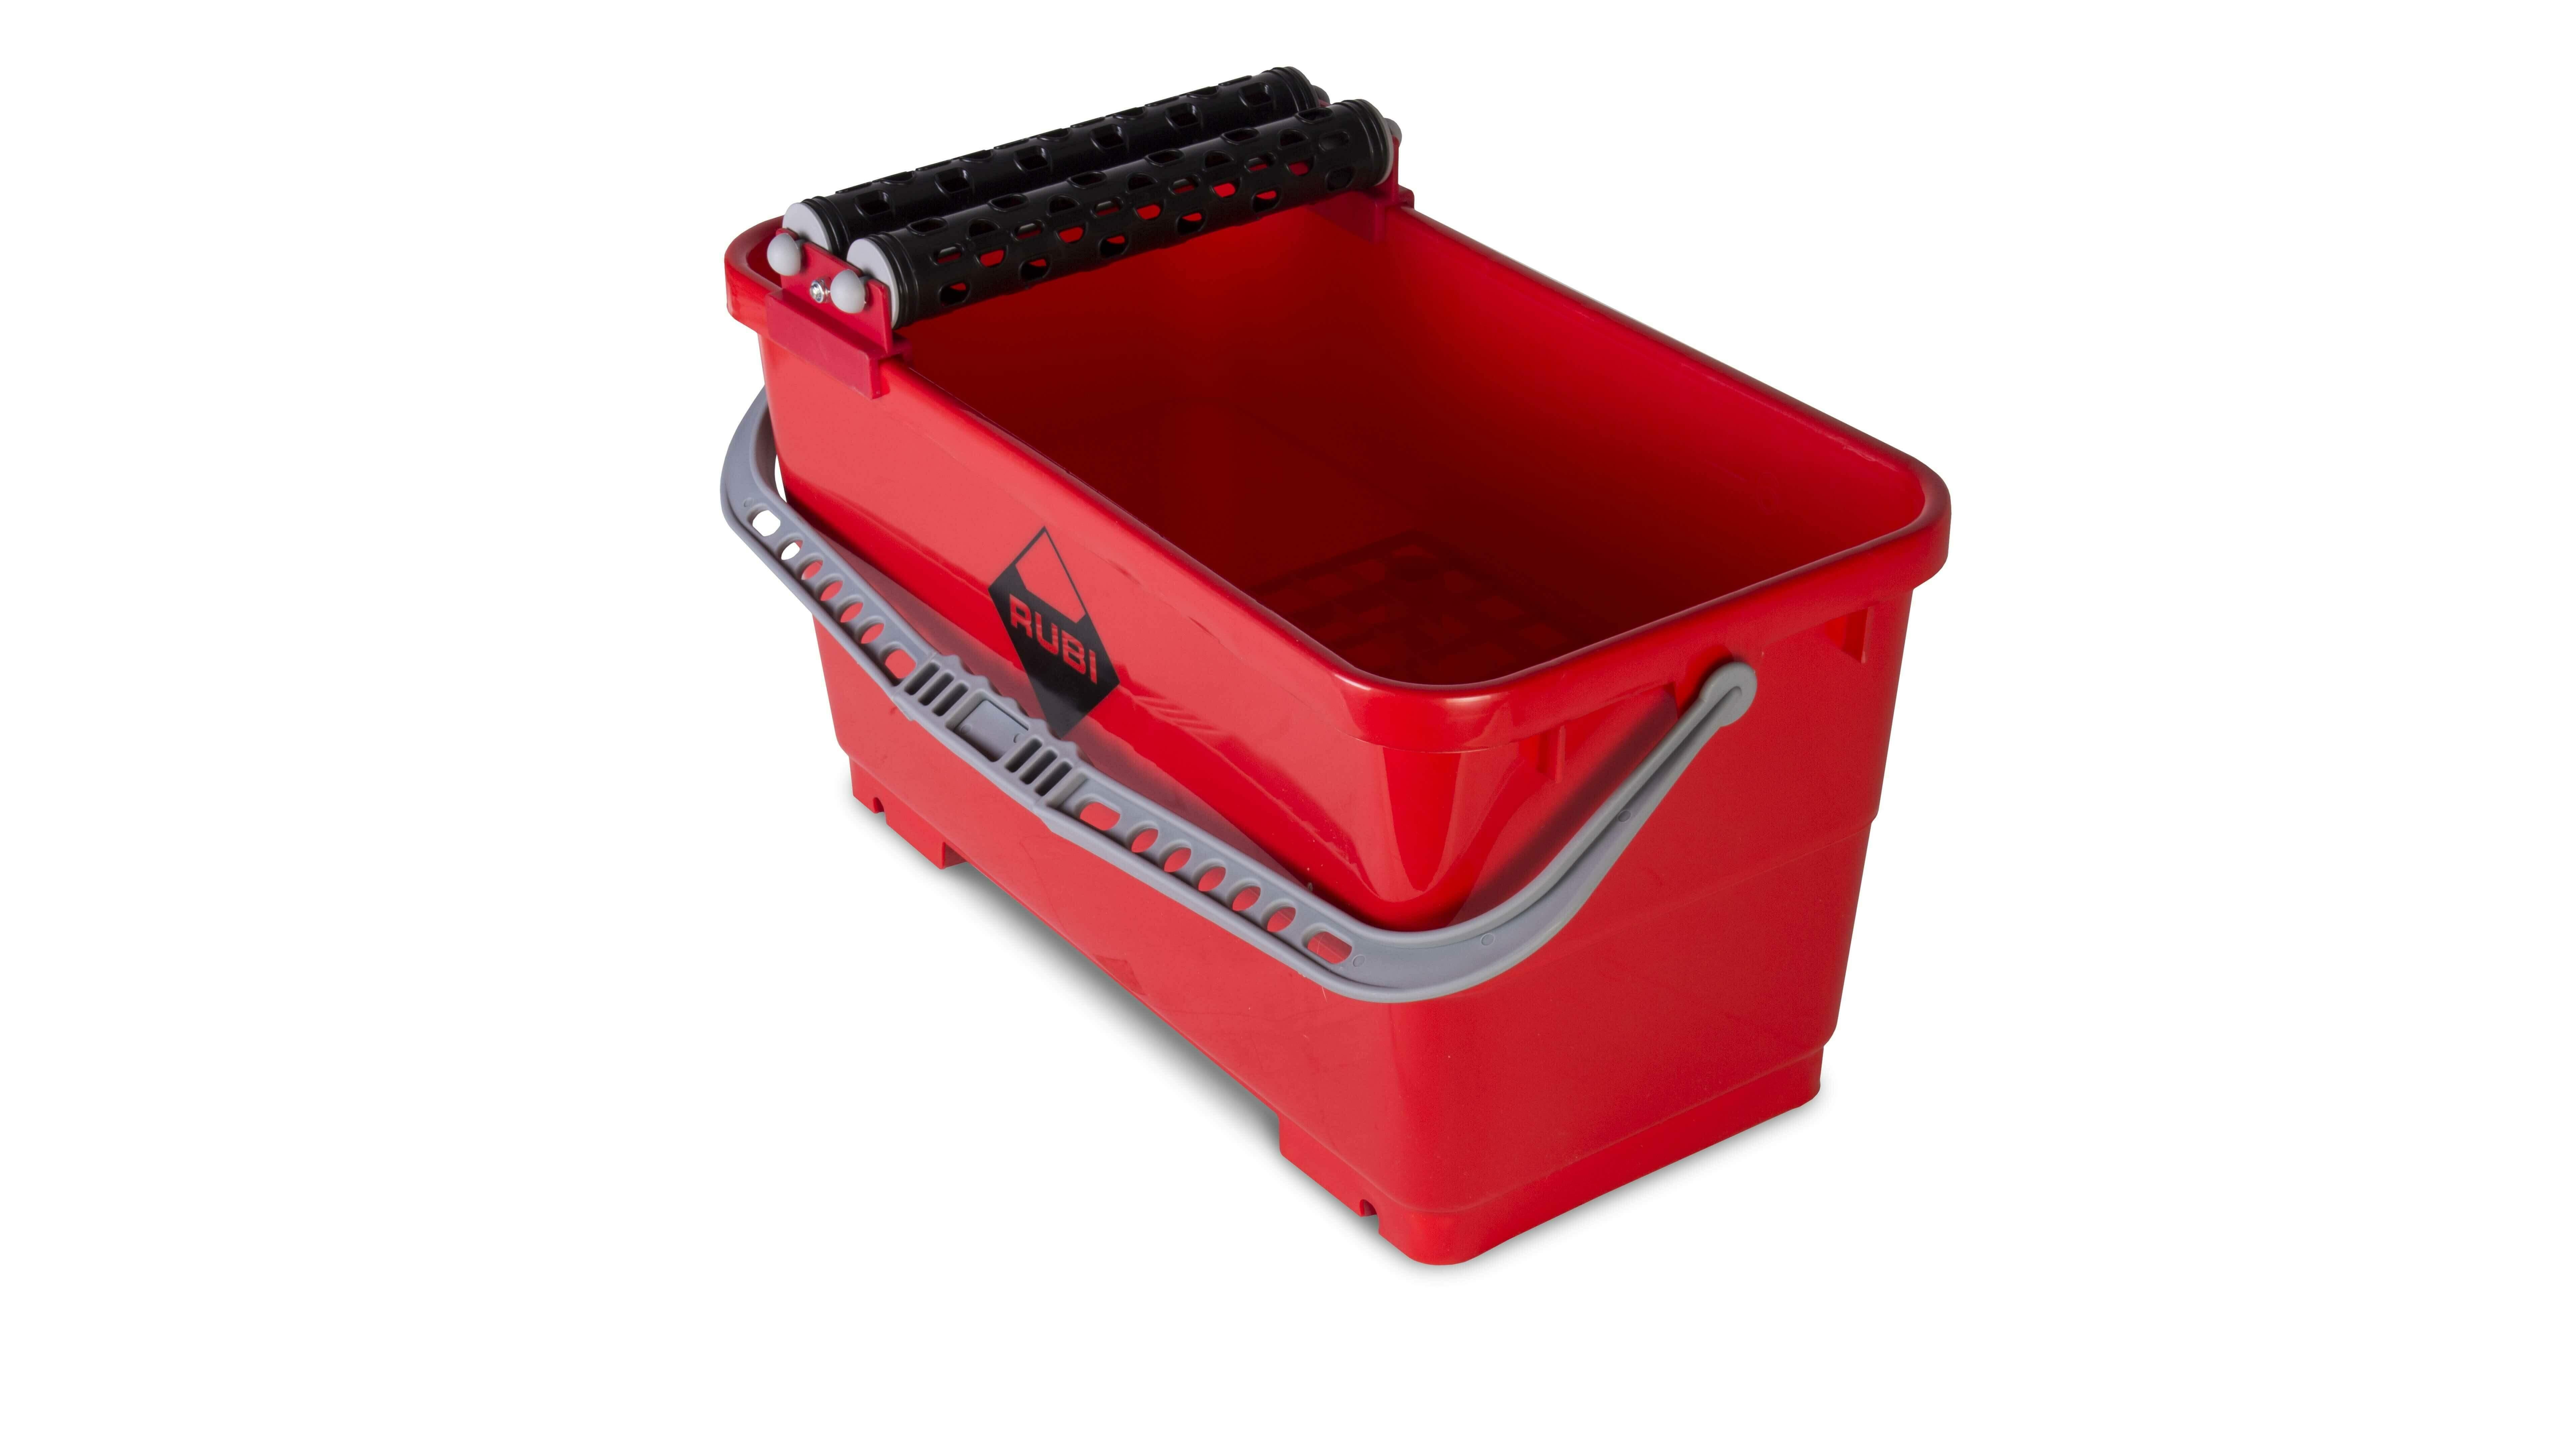 Een washboy met afdrukrooster en uitwringrollen is een onmisbaar gereedschap voor het schoonmaken van grote oppervlakken.
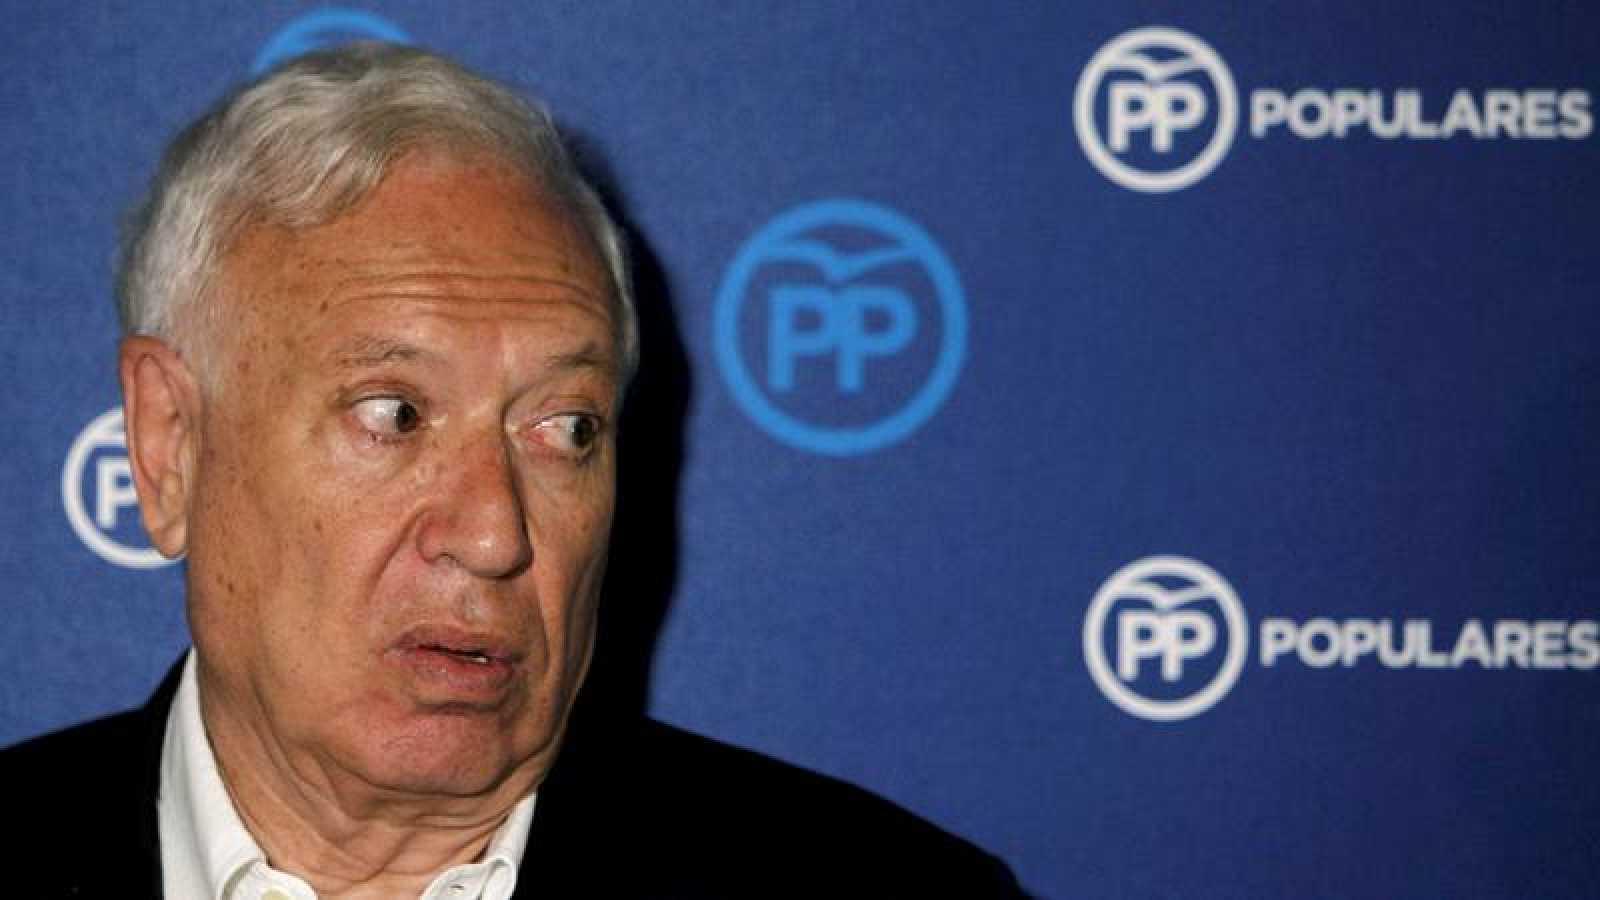 El candidato a la presidencia del PP José Manuel García Margallo atiende a los medios
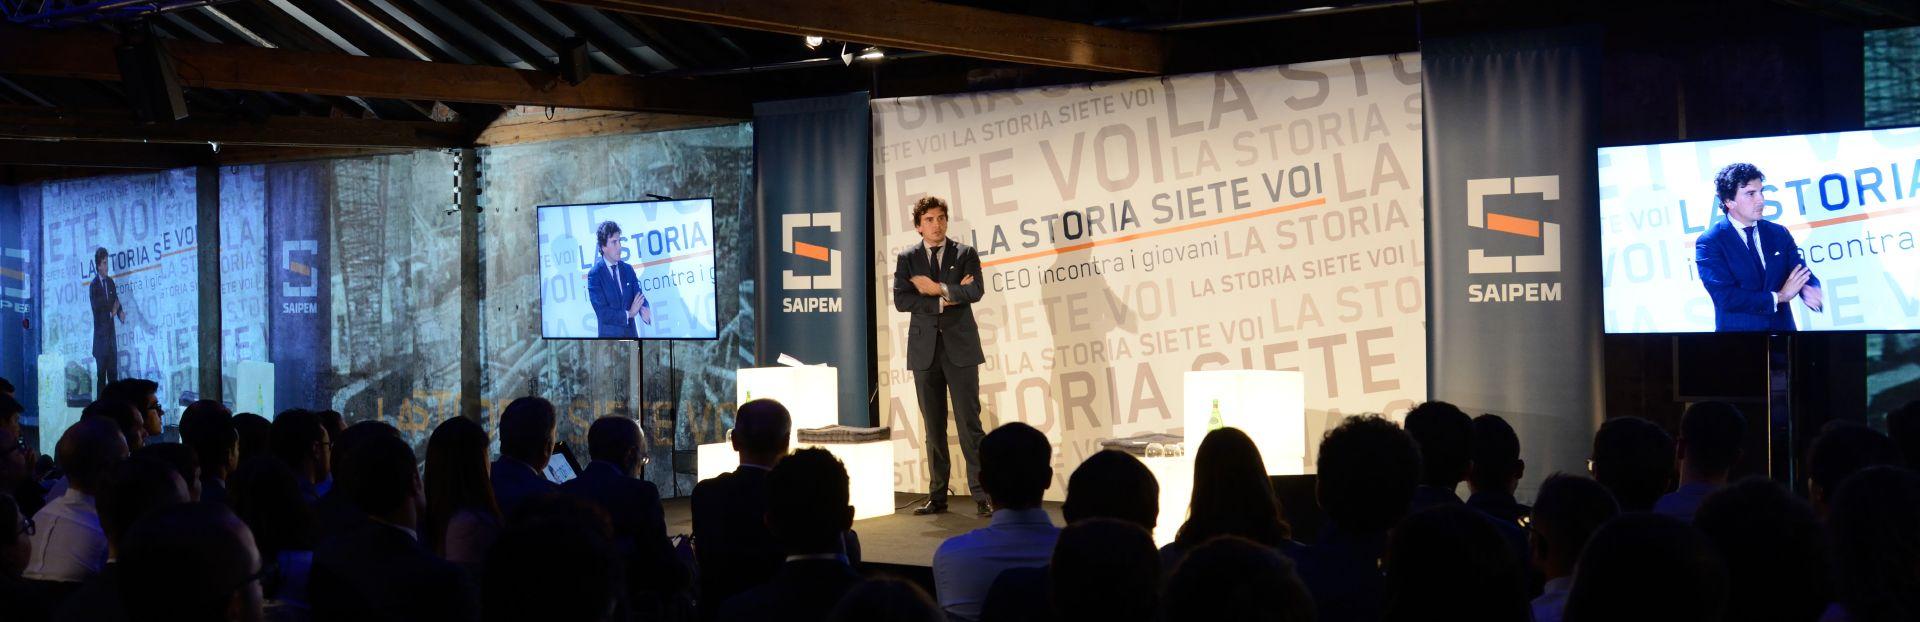 Evento Officine del Volo Milano 2016

→ **Exercise goal**: All of the data is to be returned exactly, with no pictures included.

→ **Answer area**:
 Een washboy met afdrukrooster en uitwringrollen is een onmisbaar gereedschap voor het schoonmaken van grote oppervlakken.
 El candidato a la presidencia del PP José Manuel García Margallo atiende a los medios
 Evento Officine del Volo Milano 2016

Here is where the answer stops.